Stored items from a collection:
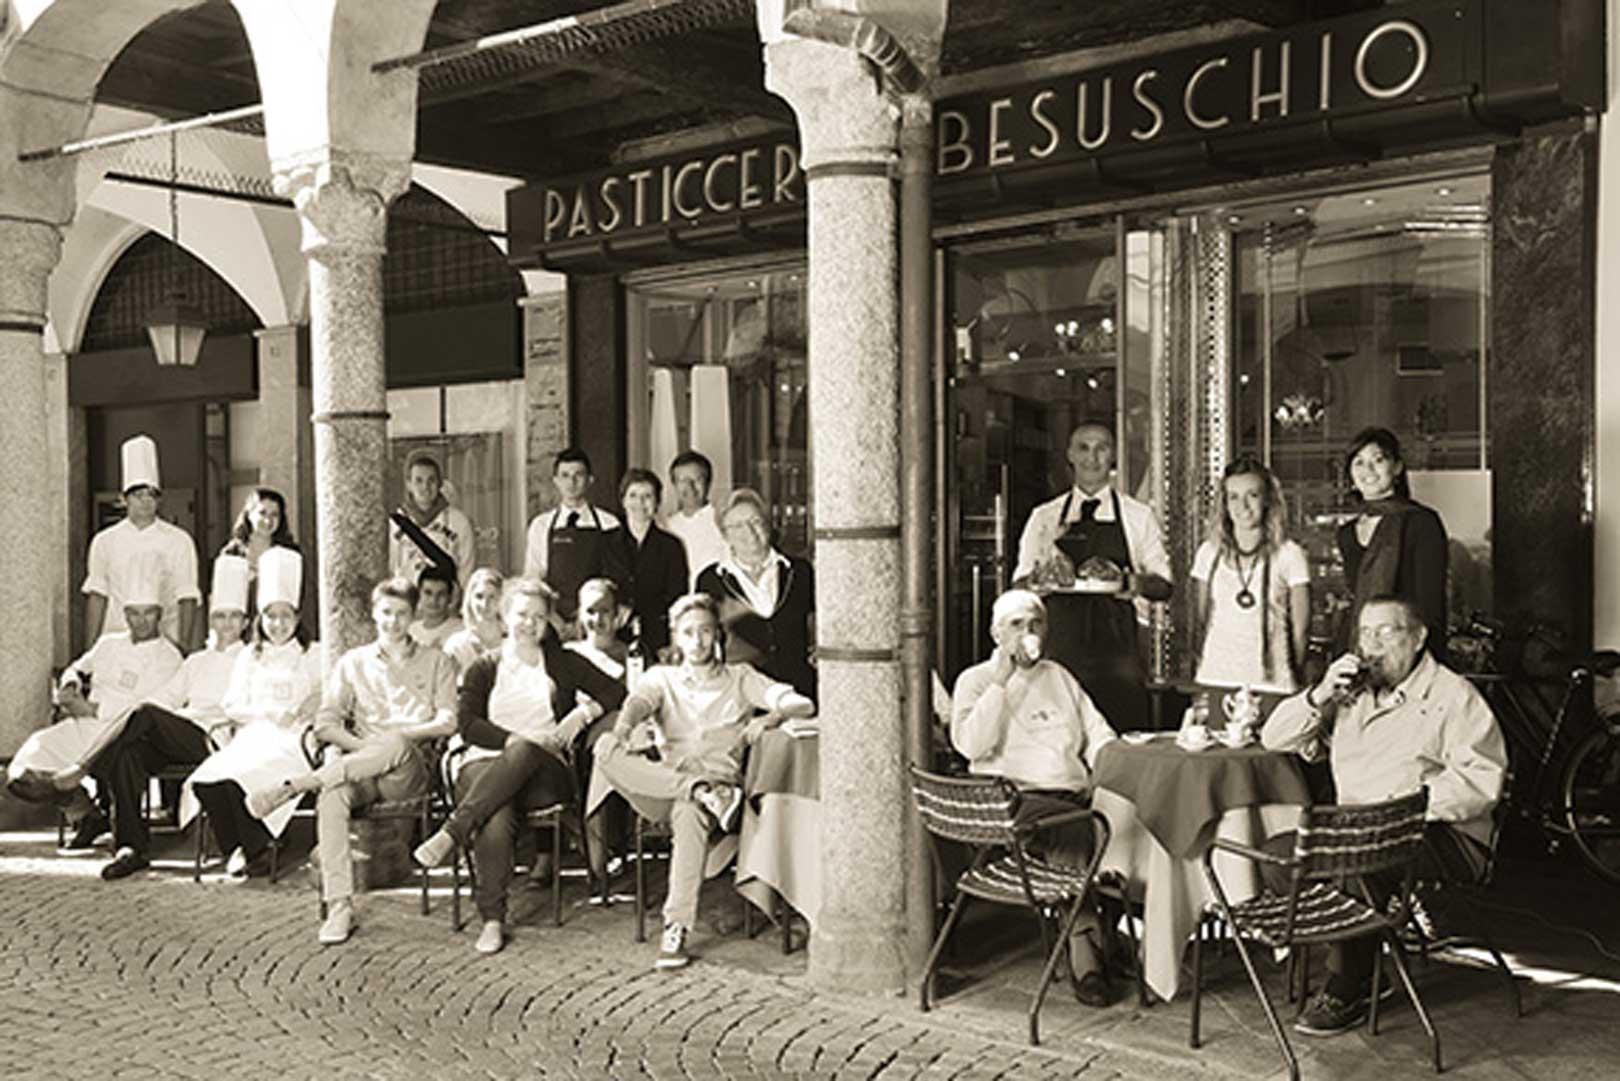 pasticceria-besuschio-storica
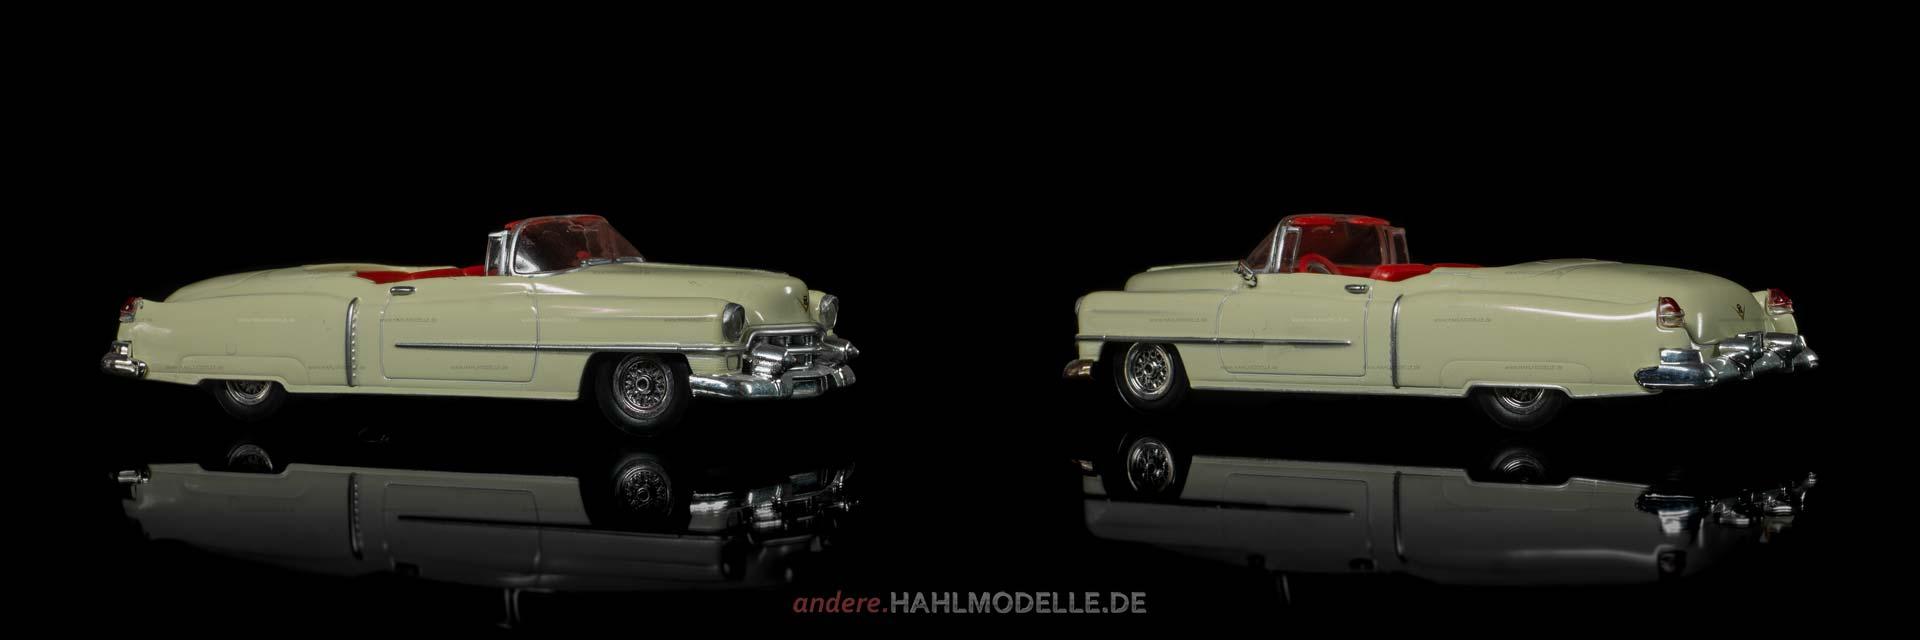 Cadillac Eldorado Convertible | Cabriolet | Ixo | 1:43 | www.andere.hahlmodelle.de
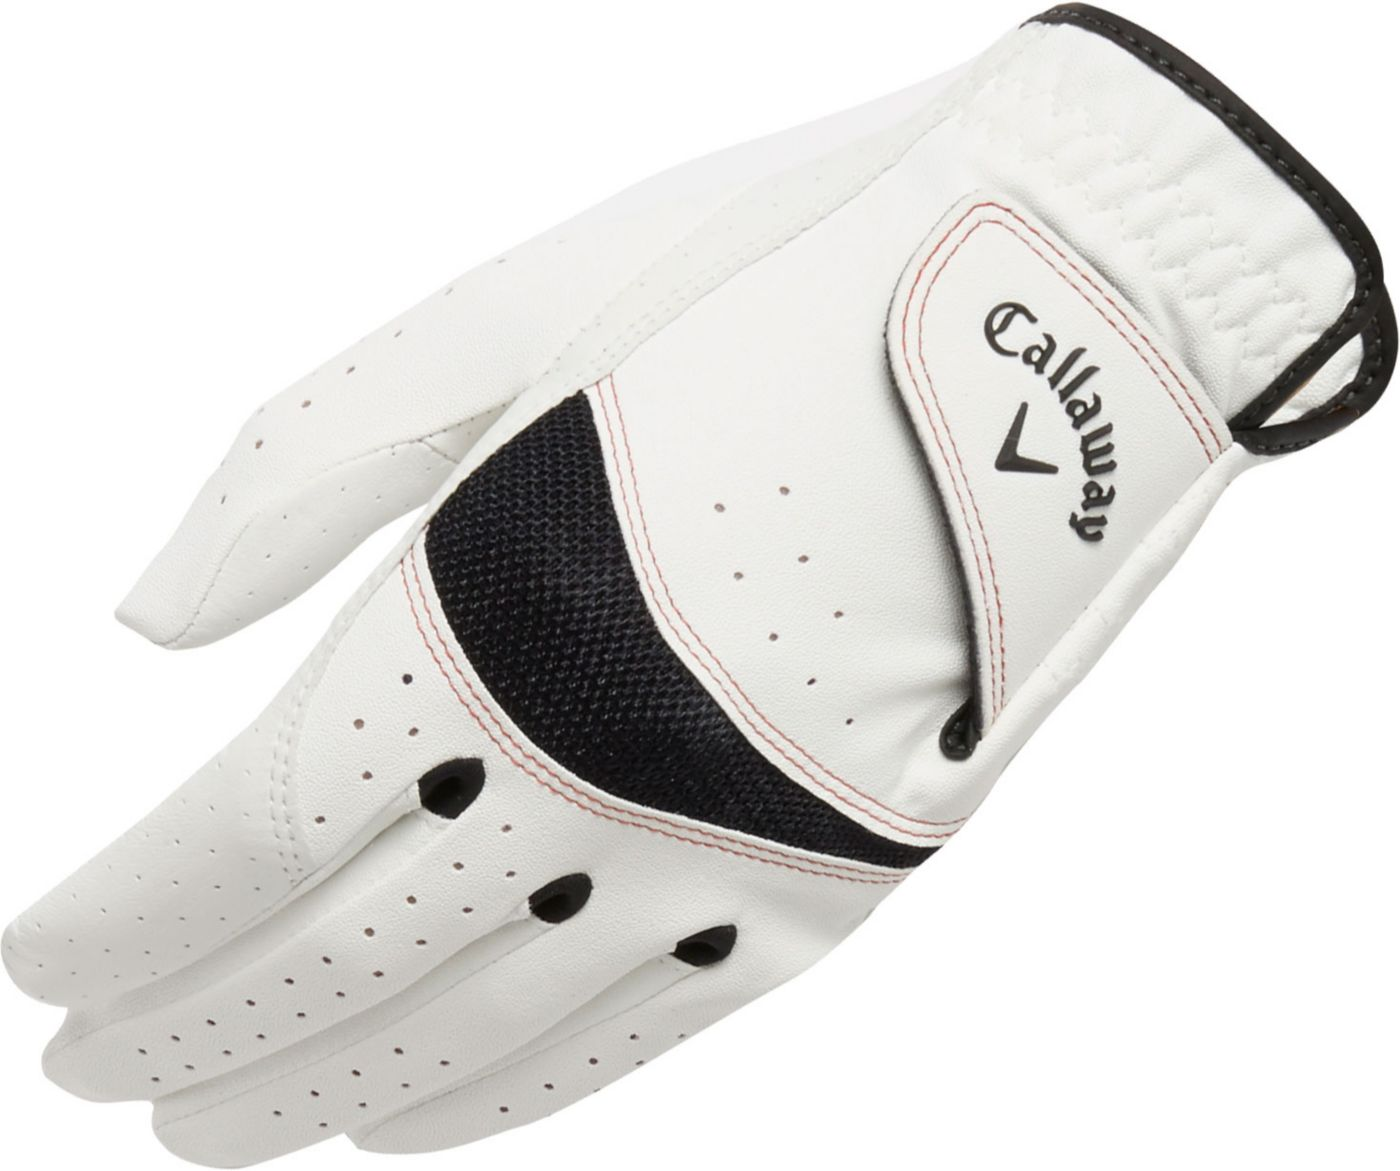 Callaway Junior X-Tech Golf Glove
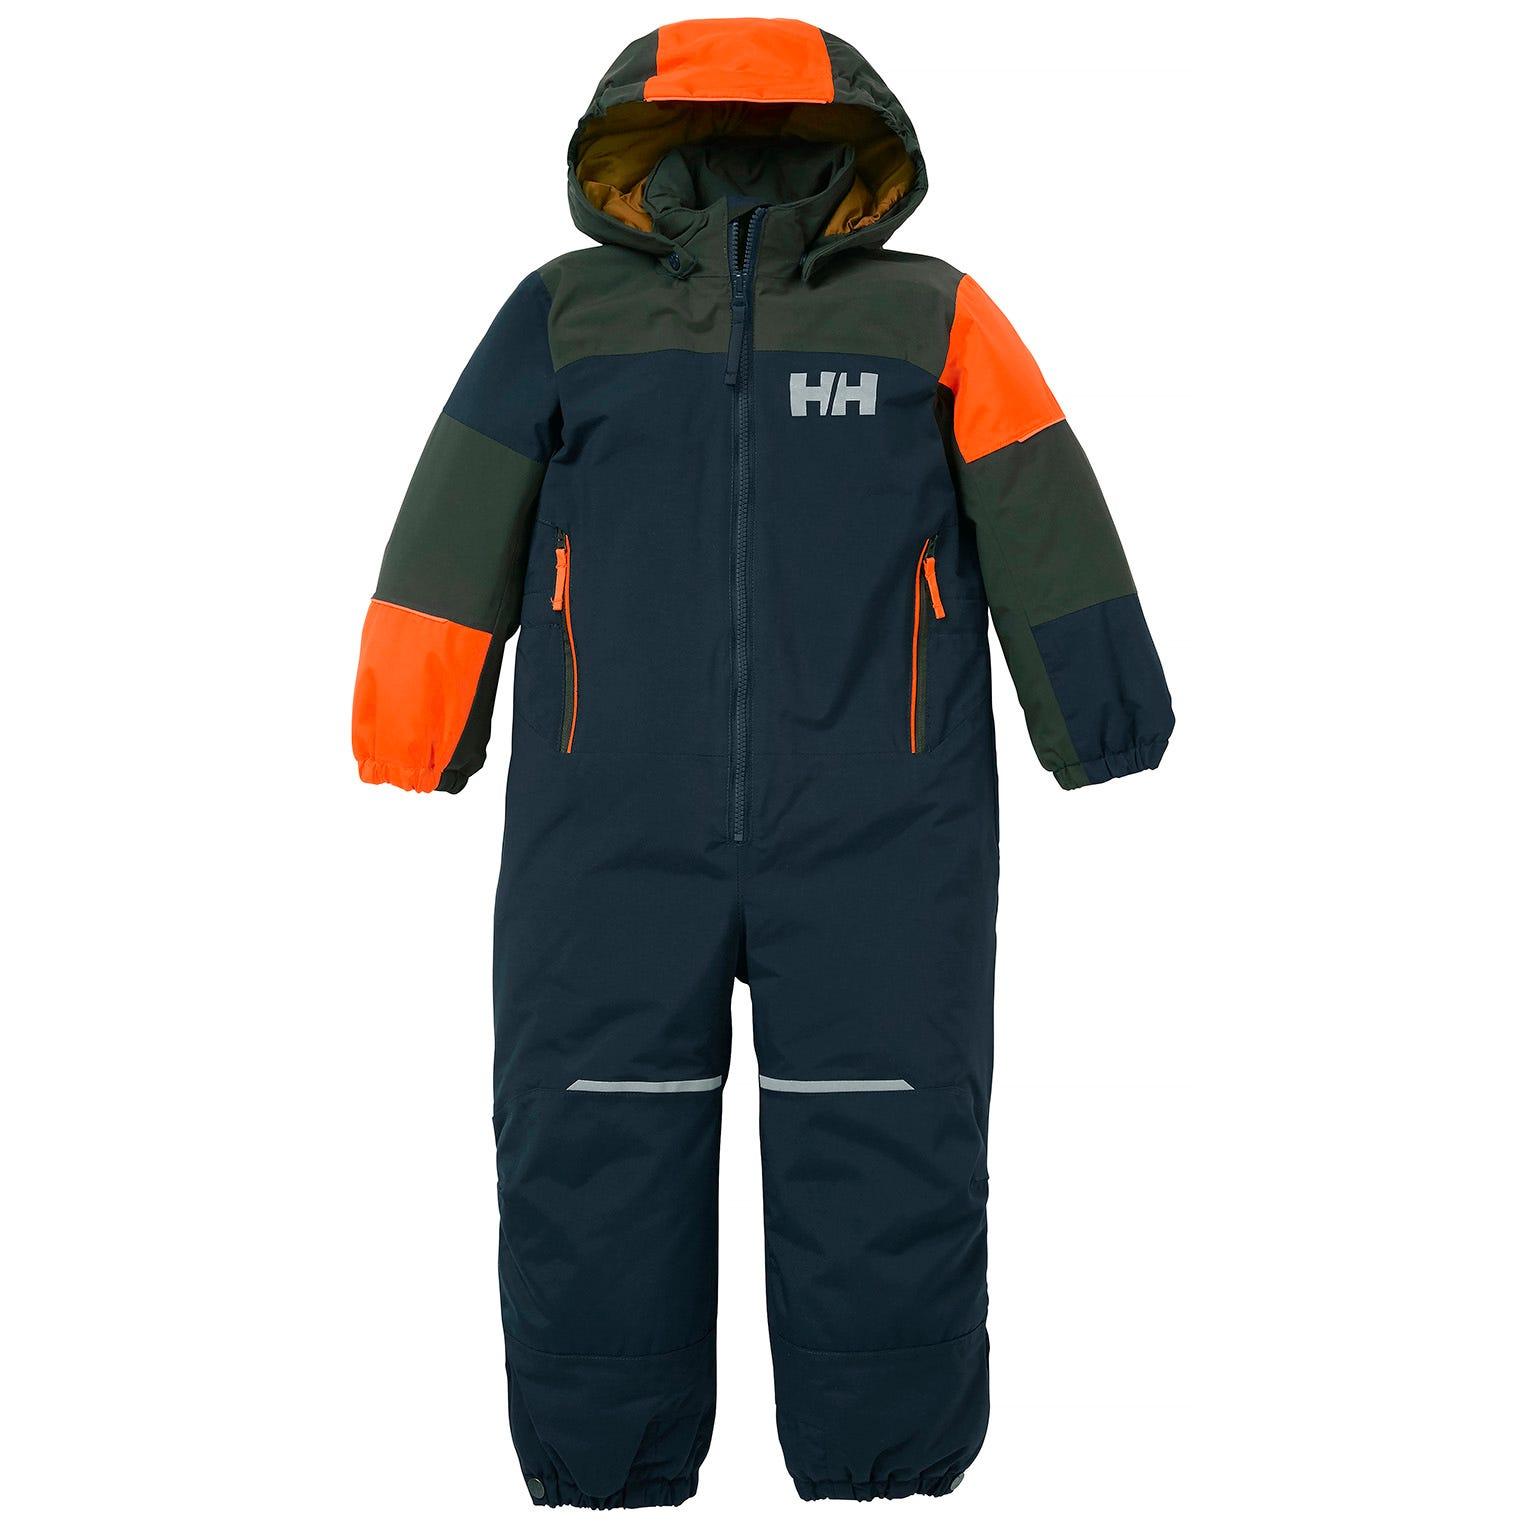 Helly Hansen Kids Rider 2 Insulated Suit Navy 116/6
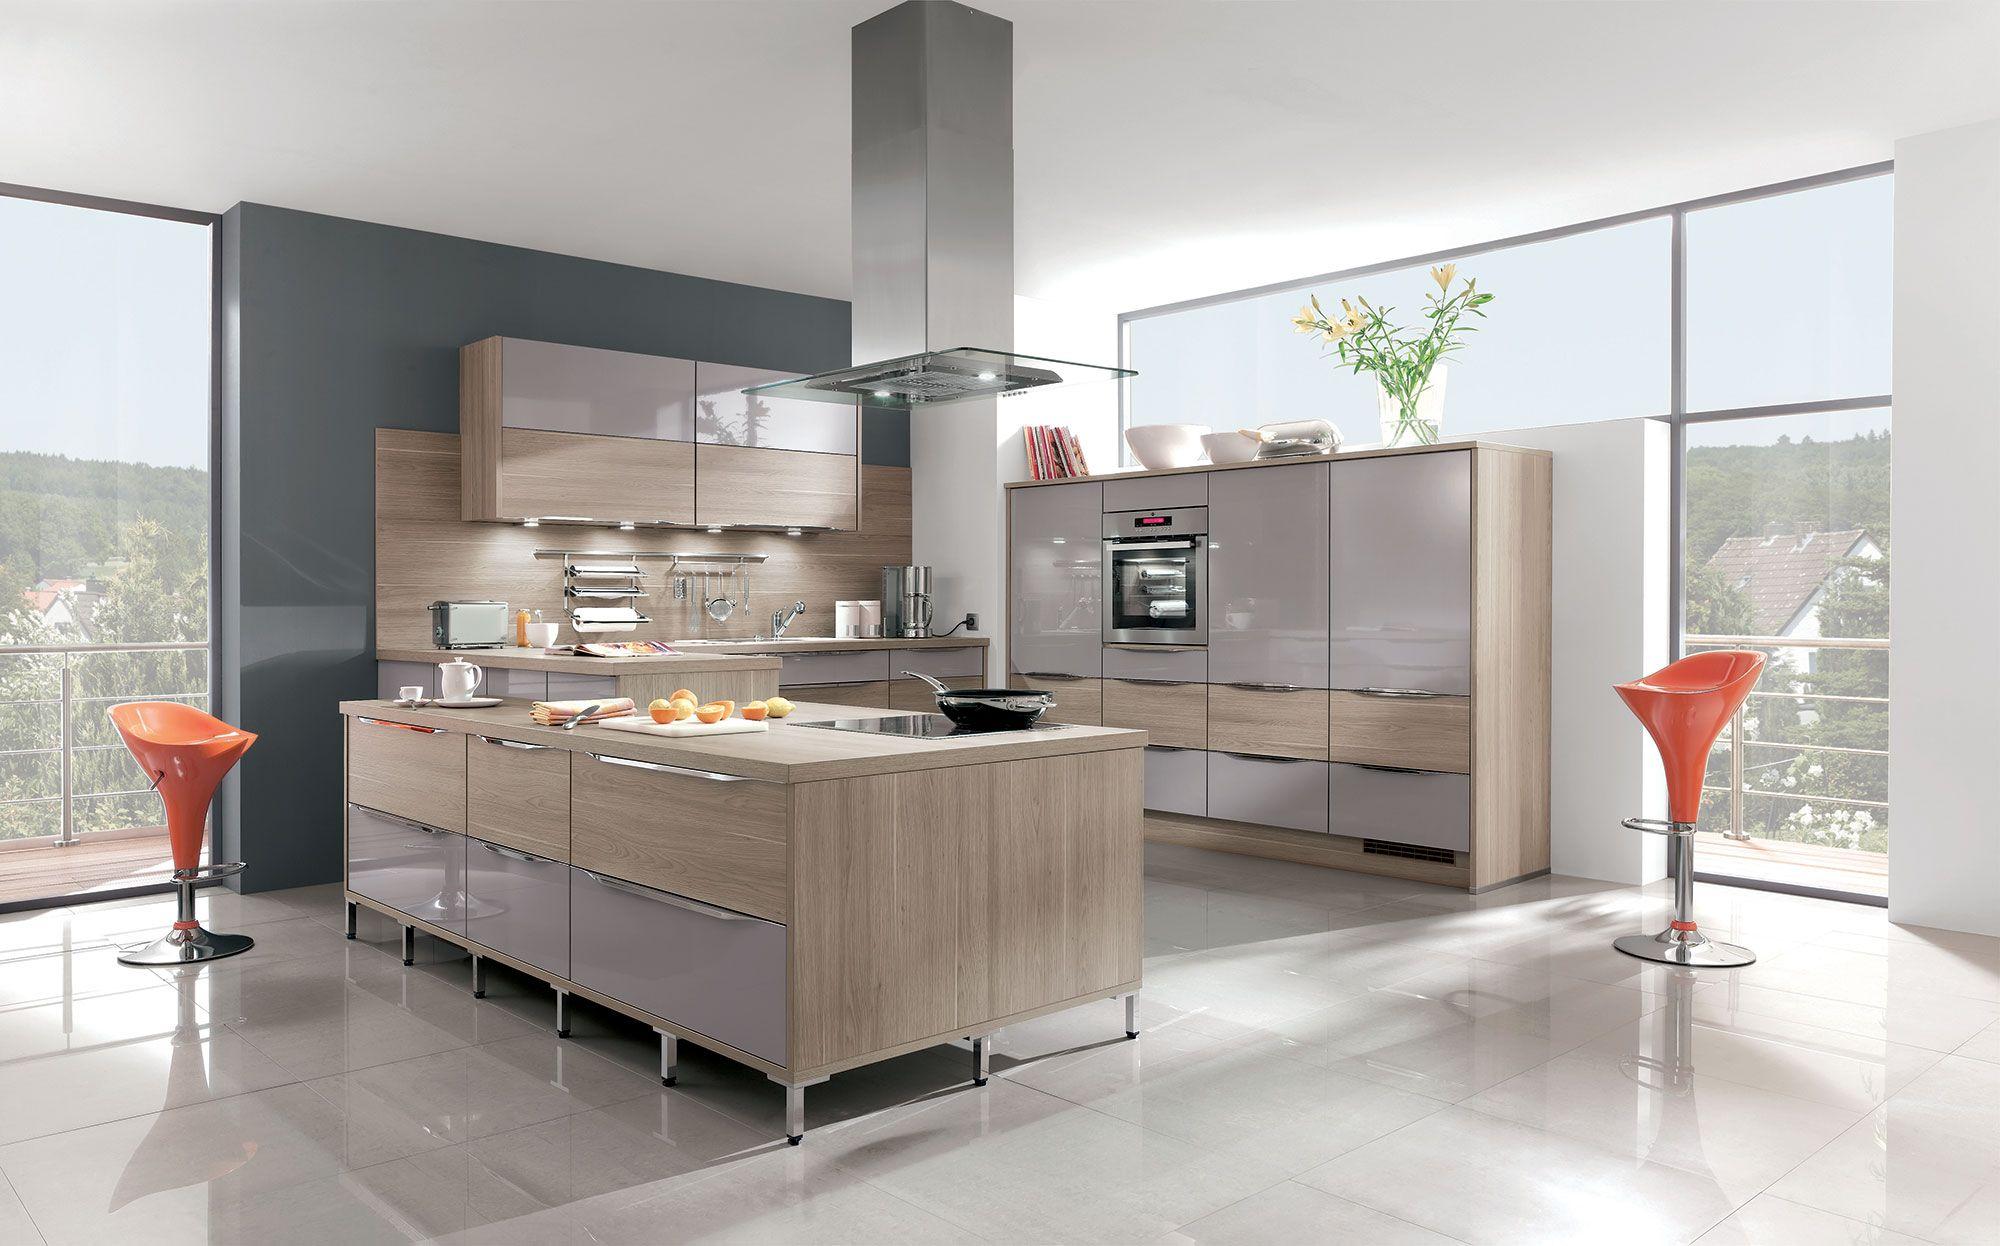 splendide cuisine en u toute quip e aspect bois et couleur lilas spacieuse et fonctionnelle. Black Bedroom Furniture Sets. Home Design Ideas

-- Aim of the task --
Please set down the data above exactly as given, leaving every picture out.

-- Response --
 pasticceria-besuschio-storica
 Cadillac Eldorado Convertible | Cabriolet | Ixo | 1:43 | www.andere.hahlmodelle.de
 Callaway Junior X-Tech Golf Glove
 Helly Hansen Kids Rider 2 Insulated Suit Navy 116/6
 splendide cuisine en u toute quip e aspect bois et couleur lilas spacieuse et fonctionnelle. Black Bedroom Furniture Sets. Home Design Ideas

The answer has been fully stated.